Я переворачиваю коробку. На ней указан XL. От комментариев воздерживаюсь и беру следующую.

— Размер тот же, но более толстая стенка. Ладно. Как нужно определять, когда более тонкими, а когда такими?

Заглядываю внутрь. Должно быть двенадцать штук. Имеется восемь.

— Определять не нужно. Они используются для анального секса, — терпеливо объясняет мужчина.

— О…, - я поспешно забрасываю коробку в пакет. Но срабатывает привычка думать не про себя, а вслух. — С таким размером, да ещё туда…

— Ну, не одним же маломерным сантехникам хочется, — обижается Кирилл.

— Не княжеское это дело, по попам, — не могу не смолчать я.

— Даже спрашивать не стоит, было ли это у тебя, — не остаётся в долгу Воронцов.

— Не стоит. Не было! — и пока он не предложил свои дружеские услуги, поспешно добавляю. — И не хочется.

— Облом. Я уже по-дружески…

— Спасибо. Не нужно. Не воспользуюсь. Даже с княжеского плеча, вернее, не плеча, а…

Мужчина ржёт, а я стоически беру в руки последнюю упаковку.

— Размер тот же. Клубничные, — заглядываю внутрь. Вместо двенадцати — шесть штук.

— Для орального секса, — елейным голосом подсказывает Кирилл. — Рассказать, как им занимаются?

— Не надо, не такая же я тёмная! Но использовать защиту! У тебя, что — аллергия на слюну? Или княжеский… гм… жезл не сунут куда попало?

— Конечно, ты хочешь услышать последнее, — хмыкает мужчина. — Если отбросить шутки в сторону, то при таком виде вполне реально заразиться всем тем, что и при стандартном сексе. Мне кажется, что процентов девяносто людей этого почему-то не знают. Я не настаиваю, если женщина против. Я вообще ни на чём не настаиваю в сексе. Не хочу казаться мудаком, но с безопасностью в интимном плане я никогда не шучу. И думаю не только о себе, но и о следующей партнёрше. Как минимум. Некоторые инфекции, ты и сама это знаешь, не имеют симптомов годами.

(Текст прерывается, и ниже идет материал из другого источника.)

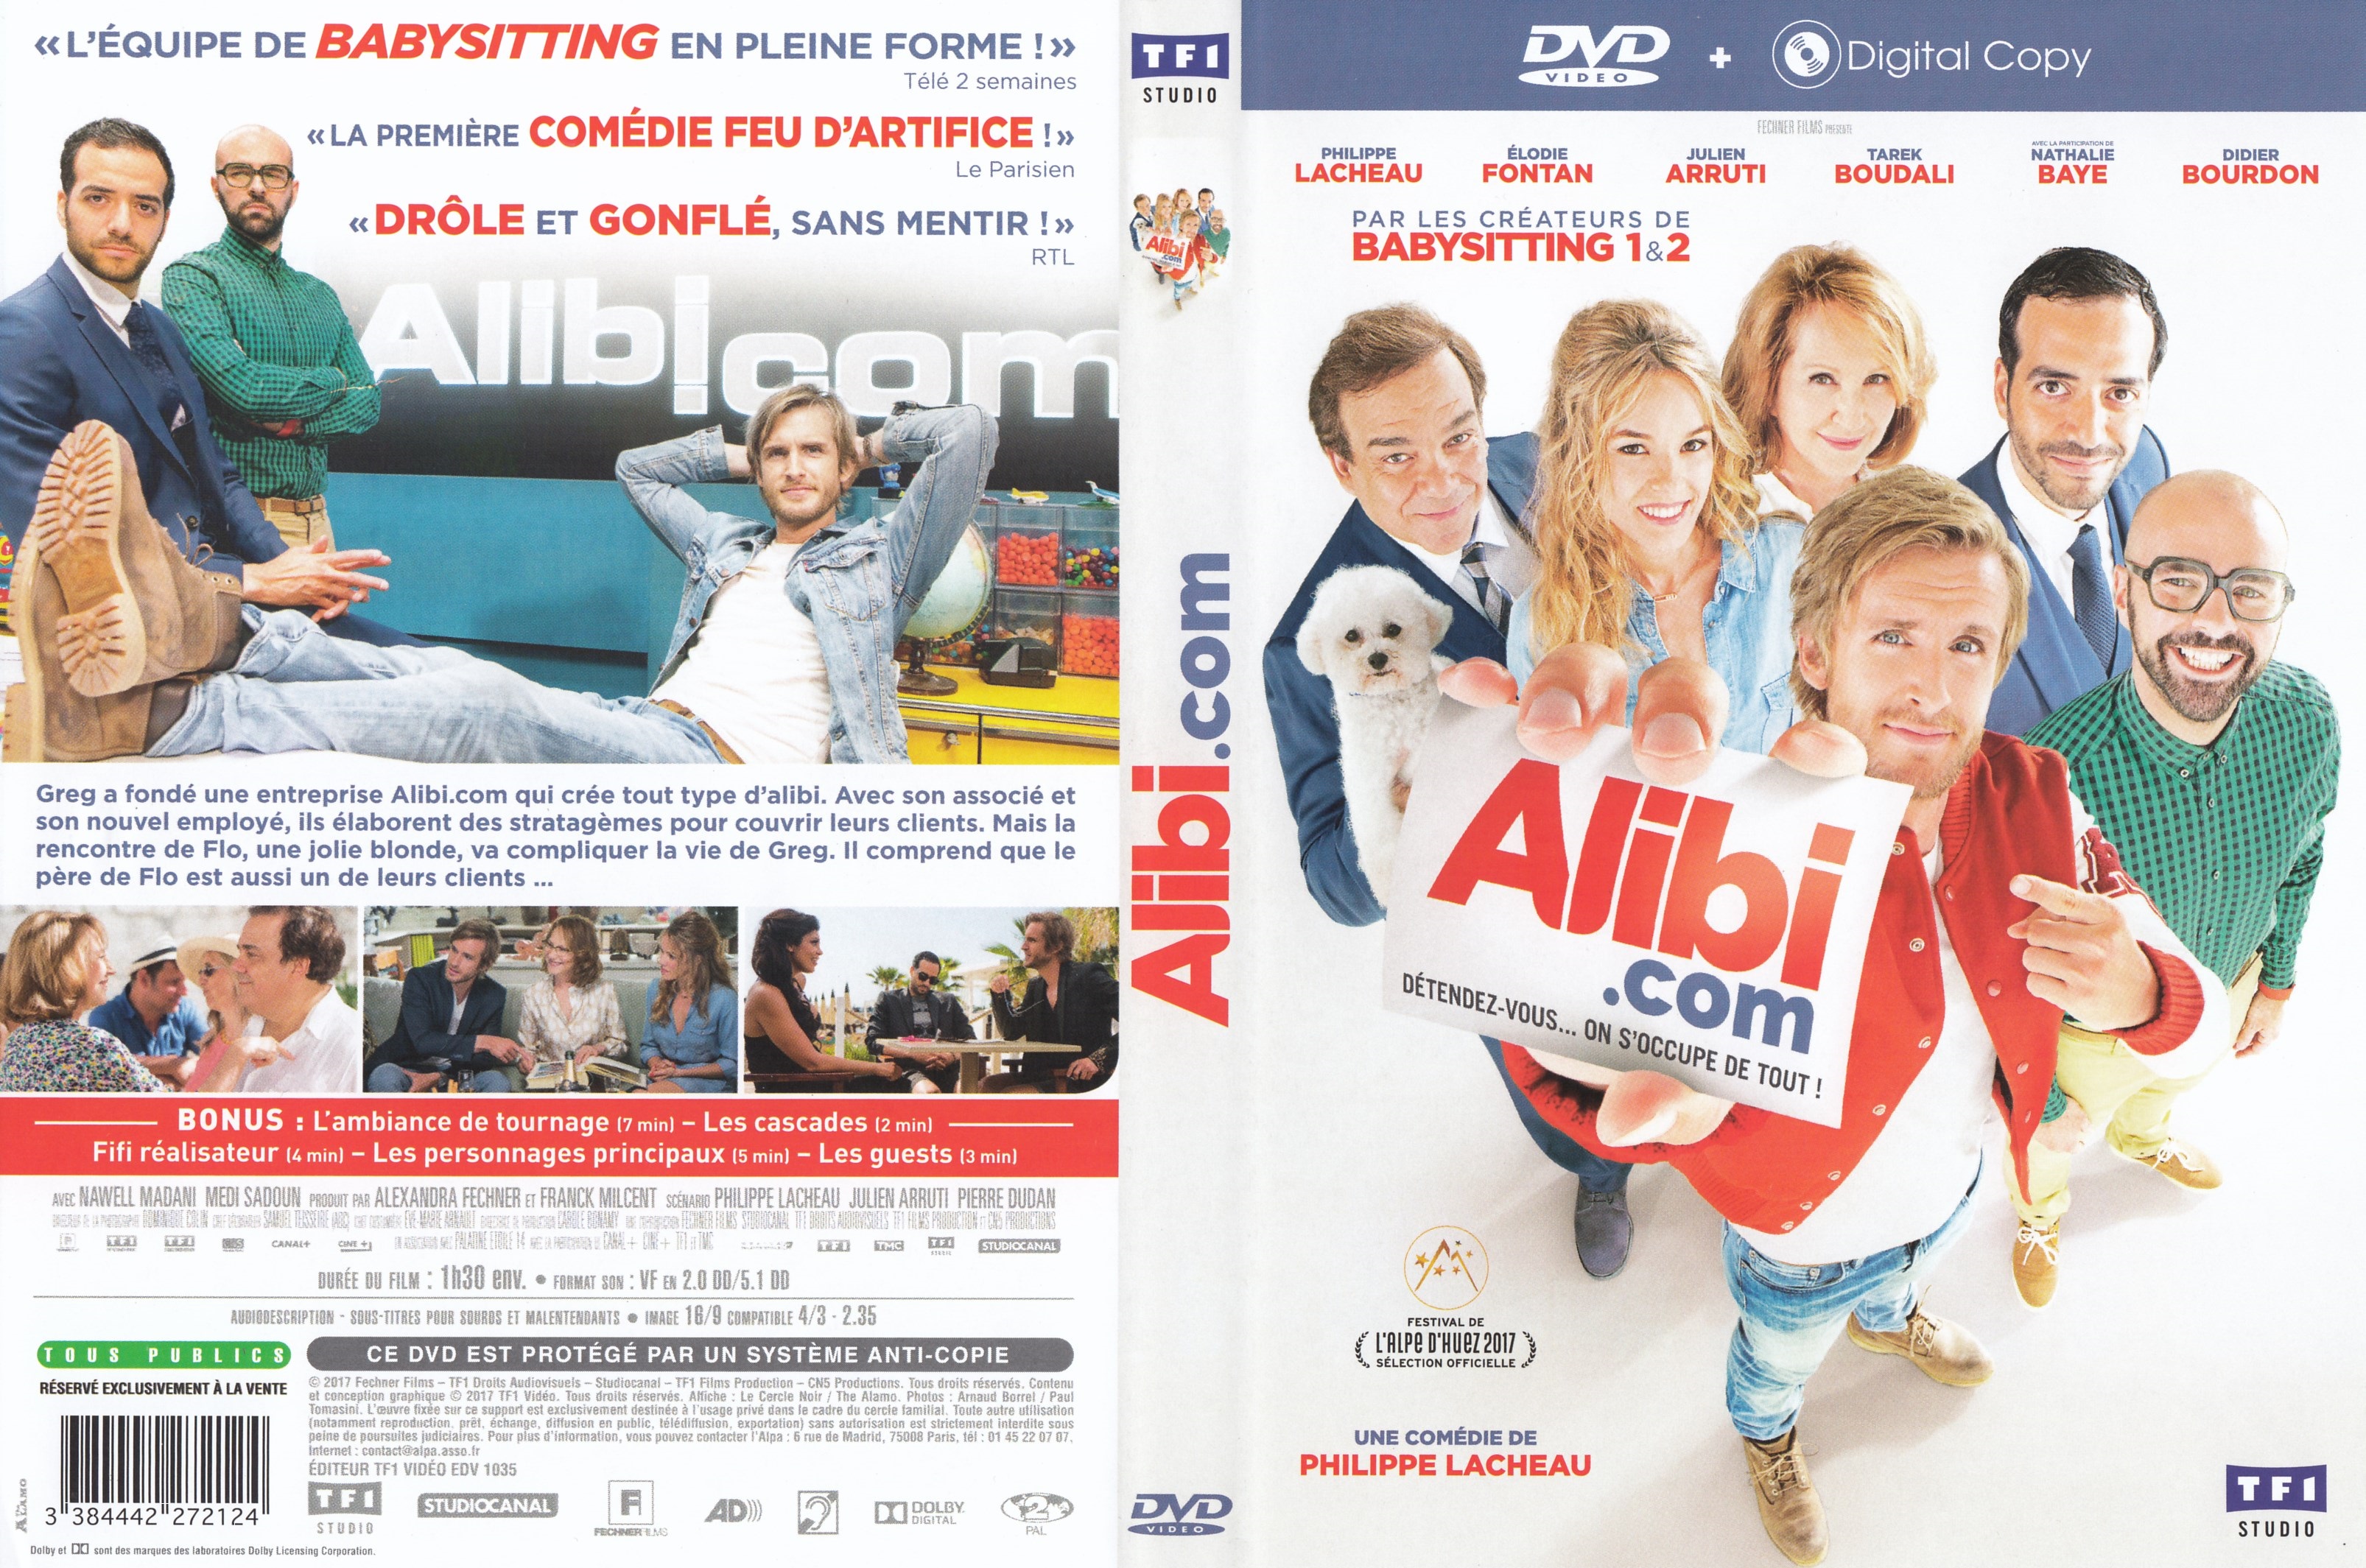 Jaquette DVD Alibi.com

Я уже достаточно хорошо знаю этого мужчину, чтобы уловить за стандартными фразами скрытую горечь.

— У тебя что-то случилось? Что-то личное?

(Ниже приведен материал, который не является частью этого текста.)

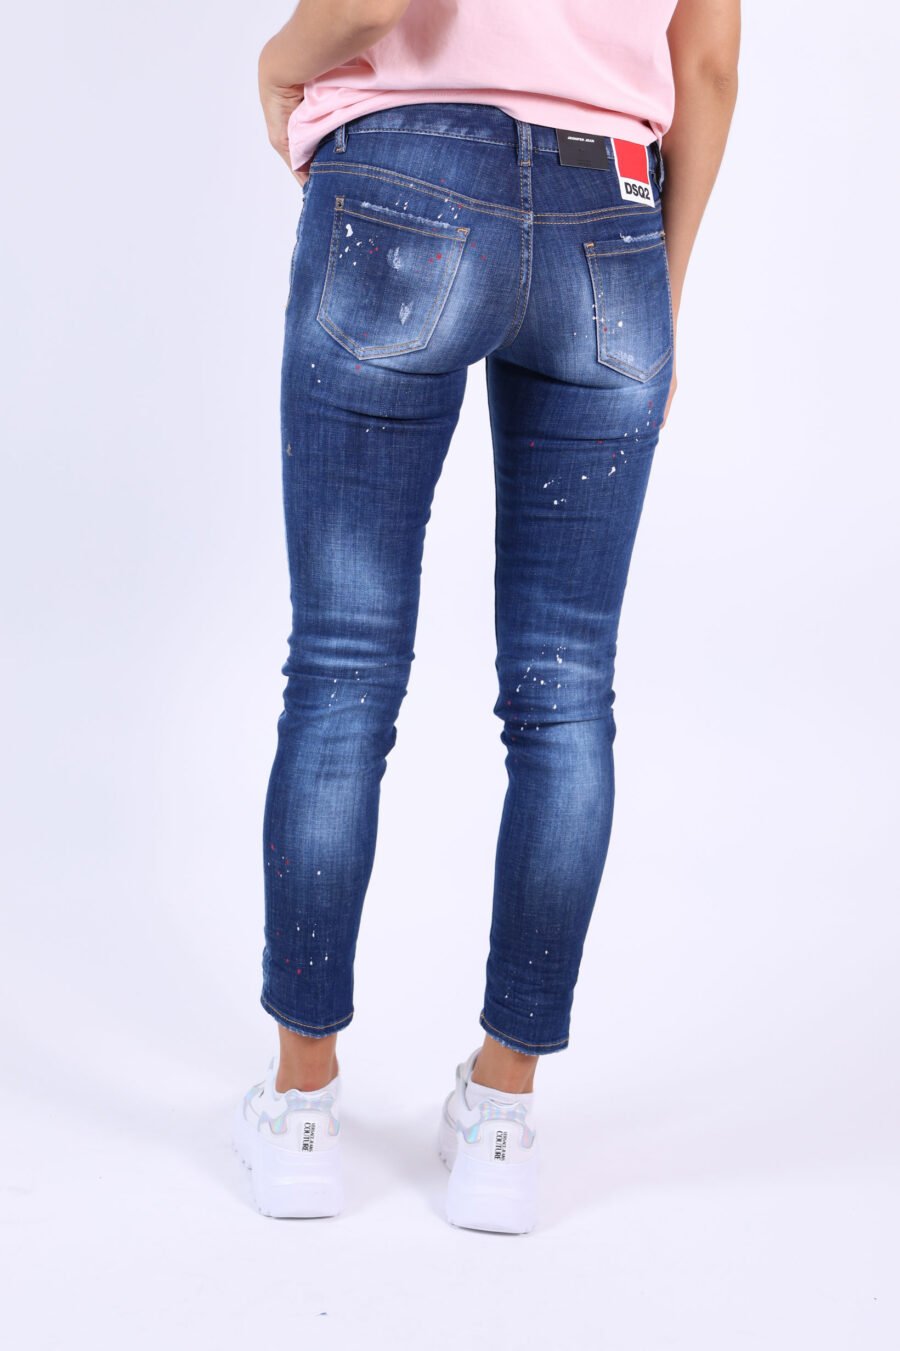 Jeans "Jennifer Jean" blau mit Farbspritzern und verblichenem Effekt - 361223054662201902

— В студенчестве у нас была очень дружная компания. Иногда до того дружная, что парни делили одну девушку на нескольких и не заморачивались этими самыми изделиями. Двое из этой компании узнали о ВИЧ-инфекции очень поздно. Один лишь тогда, когда женился, и его жена забеременела. Чуда не произошло. Он не только заразил жену, у которой был первым и которую очень сильно любил, но и ребёнок родился с инфекцией. Жена простила. А он себя — нет. Ребёнок умер в годик. Они — спустя полгода. Как раз началась эпидемия коронавируса. Ещё толком не знали, чем лечить, да и обратились к медикам поздно. Вот так вот ушли, не дожив до тридцати. А будущее у них могло быть таким ярким и счастливым. Но…. Второй парень также узнал о болезни на запущенном сроке. Умер в первую волну коронавируса. Организм не справился с такой нагрузкой. На самом деле таких случаев много. И о смертельных инфекциях говорят на каждом углу. Но недостаточно. Или мы привыкли и не допонимаем серьёзности. Я согласен, умереть можно и от свалившегося на голову кирпича. Тоже никто не застрахован. Смерти единичные, но освещаются на всю страну. А те, кто умирают от ВИЧ, как правило, уходят тихо.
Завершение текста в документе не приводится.